Arriving at Badlands National Park

It’s hot here—hot enough that I’m glad I don’t have a thermometer.  I’m comfortable wearing shorts and a tank top in the shade.  And if this is the northernmost leg of my trip, I shudder to think how hot it’s going to be once I arrive in Phoenix.

I made it out the door before 7am Saturday morning.  A heavy thunderstorm had hit the Twin Cities shortly after midnight, and the ground was still wet from it.  But the sky had cleared, and the air had a delightfully cool, crisp quality.  Dew still misted my car, but it cleared up soon enough as I crossed the Mississippi and started heading west.

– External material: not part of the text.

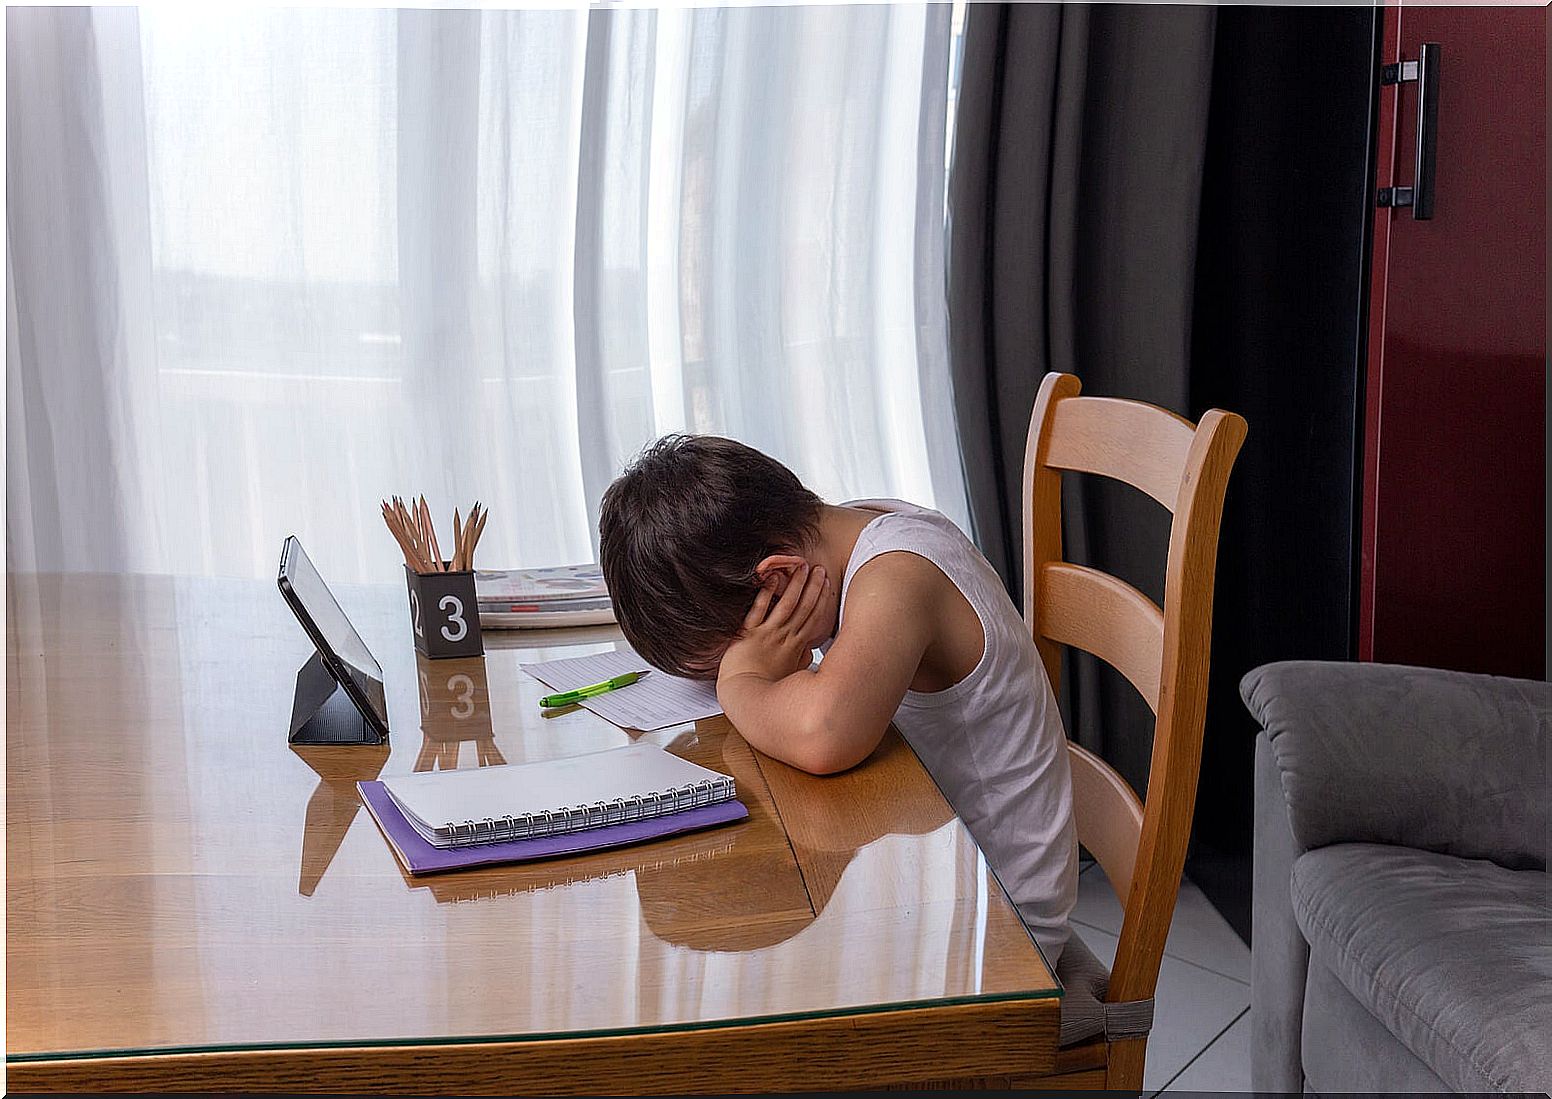 Child getting tired because he does not want to do homework.

My trip today is the furthest west I’ve ever driven.  I’m finding that I really enjoy road travel; it allows me to taste the changing flavor of the land as I move over it.  The lush green lake country of the Twin Cities area became hilly and more thickly forested as I moved southwest through Minnesota.  The Jolly Green Giant greeted me as I came over a ridge: “Welcome to the Valley!”  And as I moved through and out of the Valley, the land flattened and became so thoroughly farmland that I began to wonder if I’d gone to Wisconsin by mistake.

I crossed into South Dakota without realizing it.  I pulled off at a rest area to get a road map, and ended up getting a more detailed and personalized explanation of all the attractions South Dakota had to offer than I ever could have hoped for.  The gentleman who worked at the tourist station—named Del—carefully explained how to get where I wanted to go and gave me all sorts of brochures and booklets for my further edification.  I was already dreaming up a future trip to South Dakota before I’d been in the state fifteen minutes!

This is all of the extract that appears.